1934 American comedy film directed by Mark Sandrich

Cockeyed Cavaliers is a 1934 American pre-Code comedy film starring the comedy duo of Wheeler & Woolsey. Directed by Mark Sandrich from a screenplay by Edward Kaufman, Grant Garrett, Ralph Spence and Ben Holmes. Also featured in the cast were Dorothy Lee and Thelma Todd.

==Plot==
In medieval England, Bert and his friend, Bob are put into the stocks after Bert is caught stealing. A local young boy helps them escape. Bert, Bob and the young boy are chased by jailers through the countryside. It becomes apparent that the young boy is actually a young woman named Mary Ann. Mary Ann is attempting her own escape, from an arranged marriage to the Duke. Mary Ann reveals herself after they arrive at the Duke's castle. Bert falls in love with her.
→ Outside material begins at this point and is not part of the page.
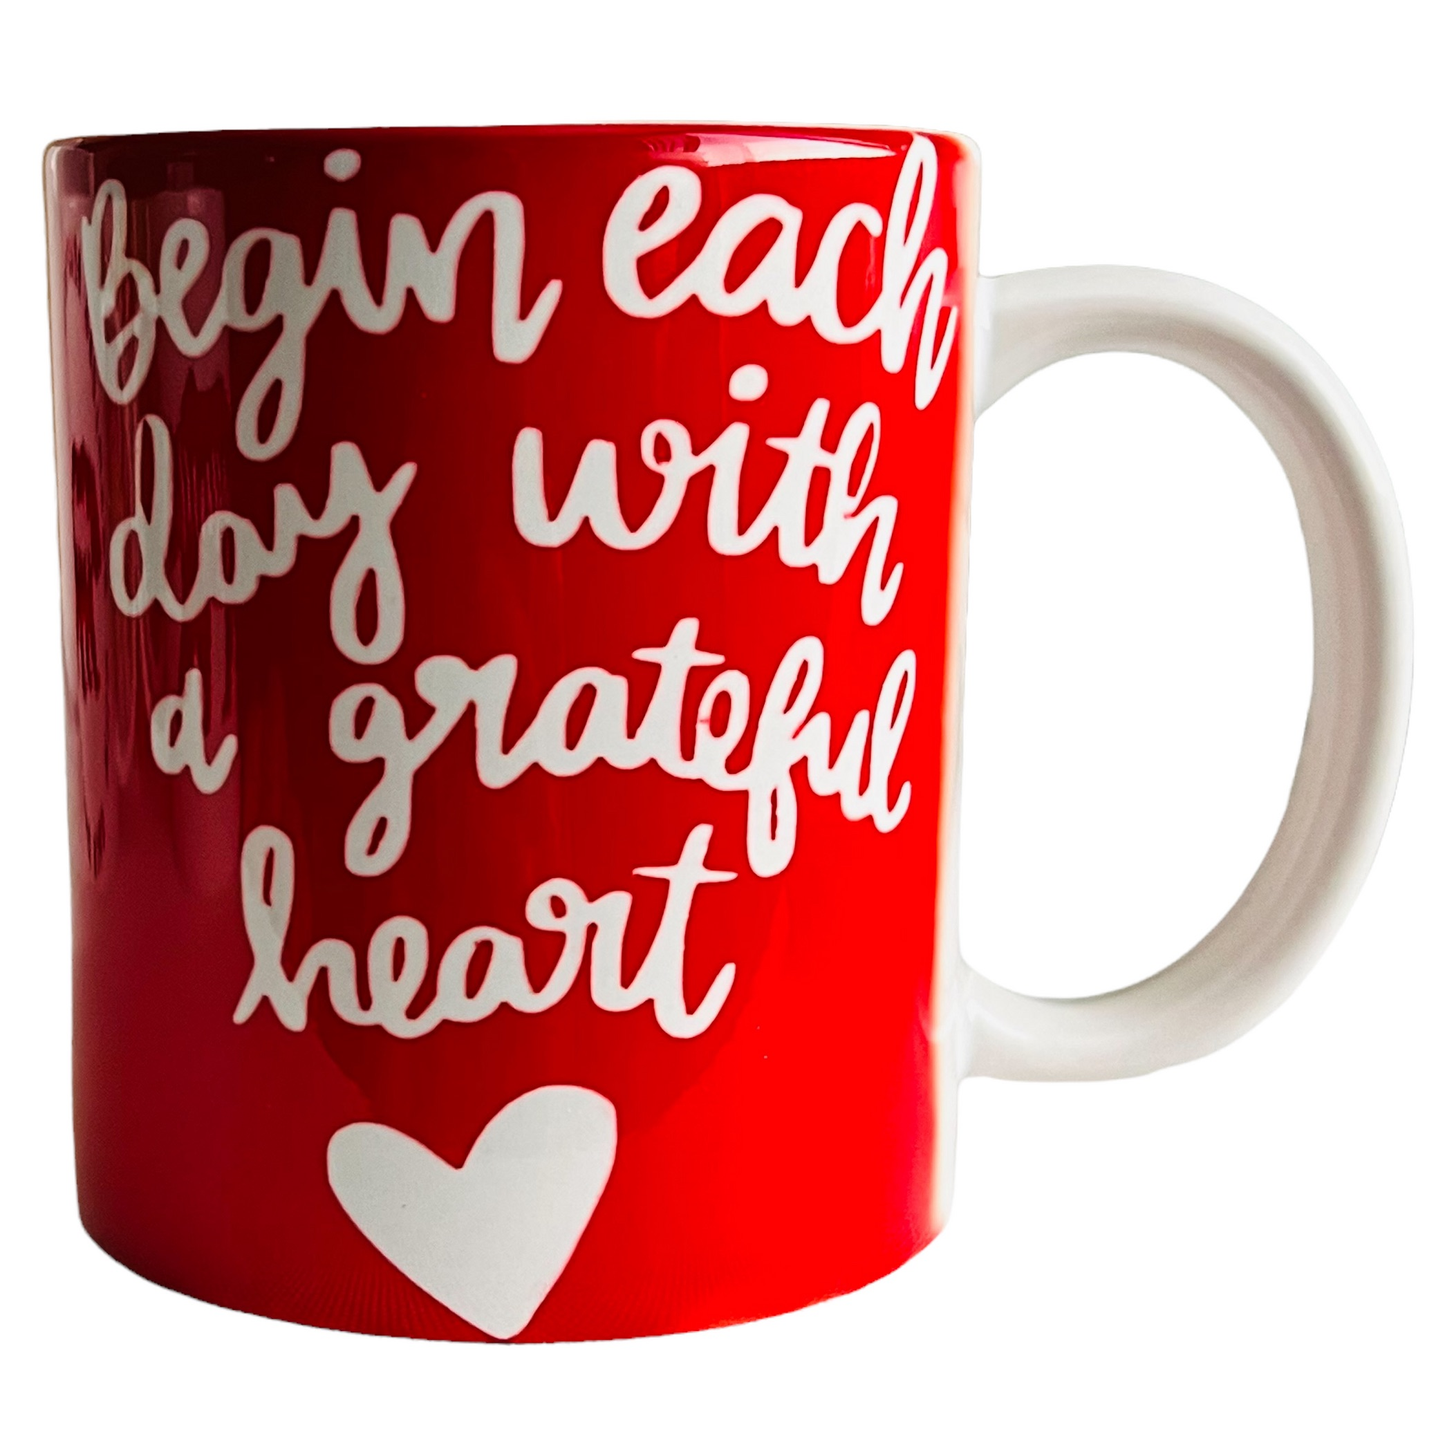 JenDore " Begin Each Day with a Grateful Heart " 12 oz. Coffee Tea Mug
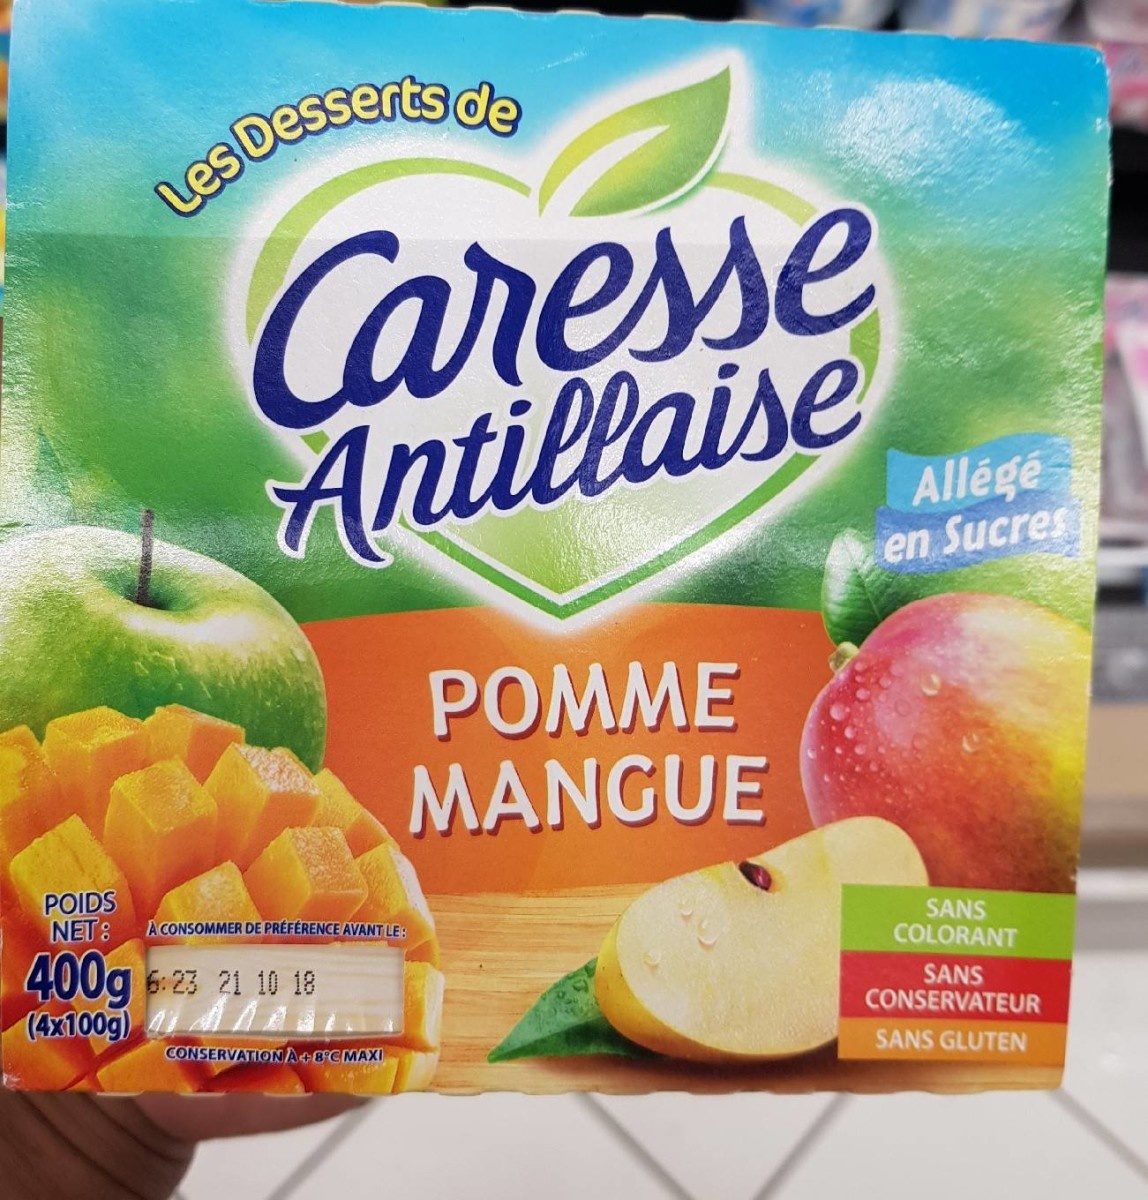 Caresse pomme mangue - Product - fr

Mary Ann agrees to the wedding after Mary Ann's father is threatened by the Duke to get his daughter to marry him. Bob, meanwhile, has fallen for the wife of the Baron. The Baron is enraged when he learns of his wife's infidelity. His vengeance is postponed when a local boar is spotted and the hunt is on. Bert and Bob capture the animal and win the bounty, letting Bert save Mary Ann from her ill-fated marriage.

==Cast==
- Bert Wheeler as Bert
- Robert Woolsey as Bob
- Thelma Todd as Lady Genevieve
- Dorothy Lee as Mary Ann
- Noah Beery as The baron
- Robert Greig as The Duke [of Weskit
- Henry Sedley as The Baron's friend
- Billy Gilbert as Innkeeper
- Franklin Pangborn as Town crier
- Alfred P. James as Mary Ann's father
- Jack Norton as King's physician
- Snub Pollard as King's physician

(cast list as per AFI database)

==Production==
In February 1934 it was announced that Bert Wheeler and Robert Woolsey would appear in Cockeyed Cavaliers as their next film. At the same time it was announced that Mark Sandrich would direct, and Dorothy Lee and Thelma Todd would appear as the female leads. Edward Kaufman, Grant Garrett, and Ben Holmes were given the writing assignment. The film was scheduled to be begin production before March 20, with reports of its scheduled start within a week of March 7, and was slated to be finished in late April. In the first week of April, Henry Sedley and Kewpie Morgan were added to the cast. Less than a week later it was announced that Noah Beery and Franklin Pangborn were joining the cast. In late April Snub Pollard and Jack Norton were announced as being added to the production. For the scene of the boar hunt, Lou Brock had a wild boar brought into the sound stage, from nearby Catalina Island. Under the watch of an armed marksman, Wheeler and Woolsey confronted the animal with fake spears. The film contained two songs by Will Jason and Val Burton, "Big Bad Wolf Was Dead" and "Dilly Dally". In mid-May it was announced that the picture would be released on June 22, but by early June the release date had been pushed back to June 29. The film opened on its new release date of June 29.

==Reception==
Modern Screen gave the film a "B", calling it the best film done up to that point by Wheeler and Woolsey, saying the pair was "hilariously funny". Previewing the film, Motion Picture Daily gave the film a good review, although they did not like it as much as two of Wheeler and Woolsey's earlier films. They applauded Sandrich's direction, and were especially impressed with the work of Lou Brock as producer. They also felt that the two songs, "The Big Bad Wolf Was Dead" and "Dilly Dally" were sure to be hits. The Motion Picture Herald also gave the film a positive review, saying that it lived up to the standards that the fans of Wheeler and Woolsey had come to expect. The film was one of 41 selected for President Franklin D. Roosevelt to take along with him on a vacation cruise through the Caribbean in July 1934.